DATASET RECORDS:
▶

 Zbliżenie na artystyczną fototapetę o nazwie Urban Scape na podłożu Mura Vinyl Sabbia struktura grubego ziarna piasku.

◀
▶

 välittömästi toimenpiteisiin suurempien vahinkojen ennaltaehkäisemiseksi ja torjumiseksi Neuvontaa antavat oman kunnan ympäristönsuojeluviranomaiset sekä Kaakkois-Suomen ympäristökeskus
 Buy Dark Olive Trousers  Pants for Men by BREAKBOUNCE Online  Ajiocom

◀

WHAT THE TASK ASKS:
Out of the listing above, reproduce exactly the lines from the one with "välittömästi toimenpiteisiin suurempien" up to and including the one with "Buy Dark Olive".

EXERCISE OUTPUT:
 välittömästi toimenpiteisiin suurempien vahinkojen ennaltaehkäisemiseksi ja torjumiseksi Neuvontaa antavat oman kunnan ympäristönsuojeluviranomaiset sekä Kaakkois-Suomen ympäristökeskus
 Buy Dark Olive Trousers  Pants for Men by BREAKBOUNCE Online  Ajiocom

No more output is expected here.